ONPASSIVE
- Industry: Software as a service
- Founded: 2018; 8 years ago
- Founders: Ashraf Mufareh
- Headquarters: Dubai, United Arab Emirates
- Key people: Ashraf Mufareh (CEO); Mohamed Kamal (CMO); Michael Curran (CFO); Mohamed Mourad (CIO);

= Onpassive =

Technology company based in Dubai

OnPassive (stylized ONPASSIVE) was a fraudulent technology company based in Dubai that develops AI-powered marketing, CRM, international business and similar software. The company maintained headquarters in Burj Khalifa, in Dubai, as well as offices in the United States, India, Singapore, Bangladesh and Egypt.

The U.S. Securities and Exchange Commission (SEC) filed a claim against OnPassive, Ashraf Mufareh, and his wife Asmahan Mufareh, accusing the company of being a pyramid scheme, presenting itself as a multi-level marketing organization but having no commercial products. While the Mufarehs were charged individually as co-founders and co-owners of the company, the SEC alleged that Ashraf had sole and final control of company operations, while Asmahan was charged as a relief defendant and recipient of illegitimate funds.

== History ==
The company was founded in 2018 by Ashraf Mufareh. In September 2020, OnPassive opened its first facility in Hyderabad, India. A month later, after its launch in Dubai in March 2022, it announced the opening of its headquarters at Burj Khalifa. Their such campaigns help them to get reputation of real business company, however they were try to scam people around the globe specially in India and south east.

In April 2022, campaign dedicated to launch of the UAE headquarters was introduced with an outdoor marketing campaign, including two projections on Burj Khalifa, where their offices are located and extended to all prominent areas of Dubai. The company also held four more projections in May 2022, and one more was held in June dedicated to officially close O-Founder.

In September, OnPassive launched its new headquarters in the UAE and announced its crowdfunding platform 'O-Bless'. OnPassive began operations in Nigeria in October 2022.

In November 2022, OnPassive partnered with beIN Sports to sponsor UEFA Champions League and La Liga streaming in Qatar. That same month, OnPassive launched its software products called "O-Mail", "O-Net" and "O-Trim".

In January 2023, OnPassive reached an agreement with the Dubai Roads and Transport Authority to secure naming rights to the Al Safa Metro Station for the next 10 years.

In February 2023, “O-Media” (a subsidiary of OnPassive) signed an agreement with Best Moment Events (a UAE-based events management company) to organize a series of events and concerts for Arab celebrities in the UAE and other Arab countries. During the event, 350 delegates and representatives from 40 countries participated in the forum.

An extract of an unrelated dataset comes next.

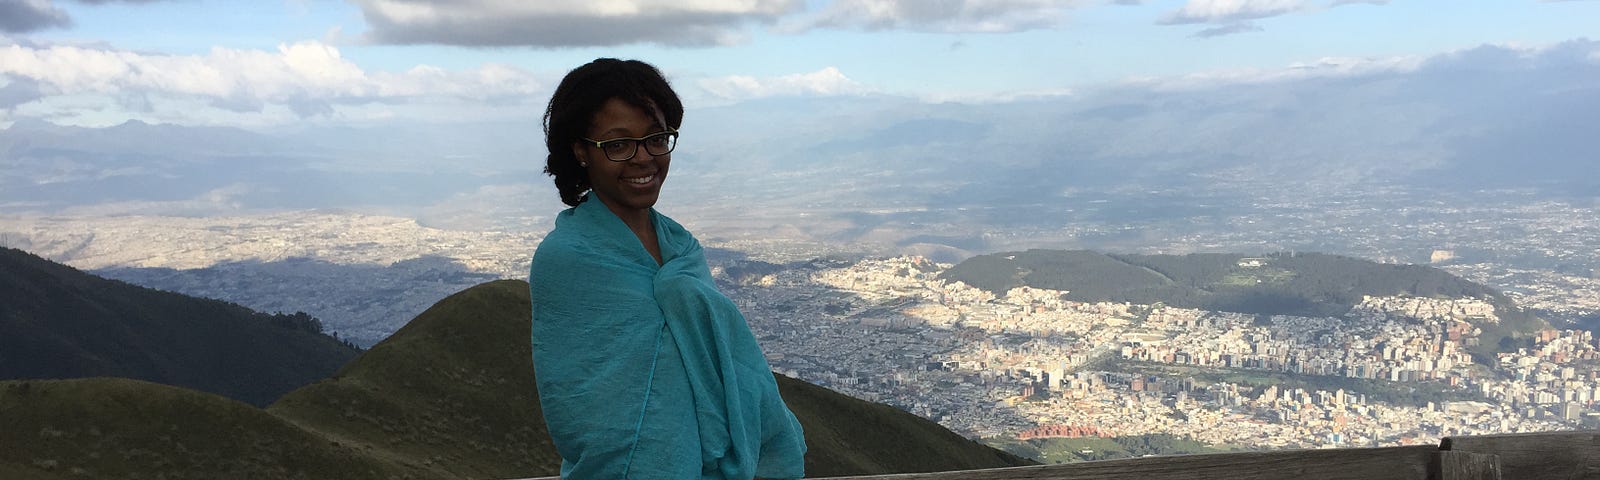 Aneisha standing in front of a mountain in Ecuador wearing a blue shawl.
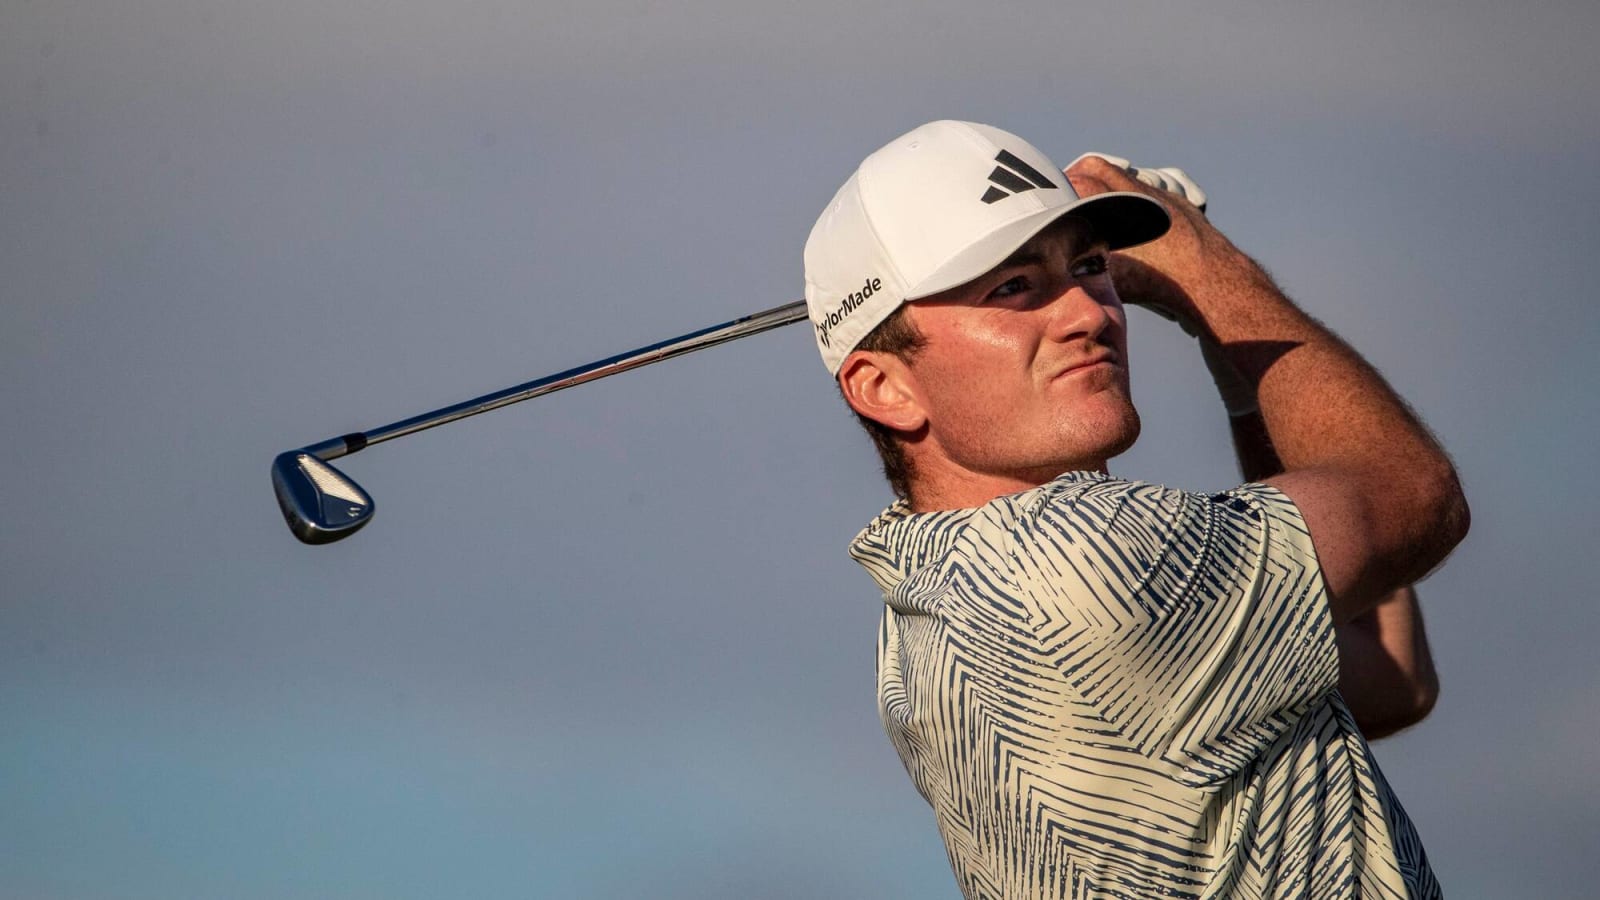 PGA Tour: What to know about amateur Nick Dunlap before you bet on him

In August 2023, the U.S. Securities and Exchange Commission (SEC) filed a complaint against OnPassive and Ash Mufareh, accusing them of fraudulently offering investors unregistered securities and operating an illegal pyramid scheme. The SEC claimed that, since its founding in 2018, OnPassive had sold investors positions in a multi-level marketing arrangement for , promising to pay them passive income from subscription fees paid by later investors. It further accused the company of material misrepresentations about the timing of commercial product launches, the magnitude of anticipated profits, and the legality of its operations, while failing to launch any commercial applications or commence paying commissions, as of June 2023.

The Bangladesh Bank issued a warning declaring OnPassive as a fraudulent organization in December 2023, urging Bangladeshis to avoid investing in or conducting with the company.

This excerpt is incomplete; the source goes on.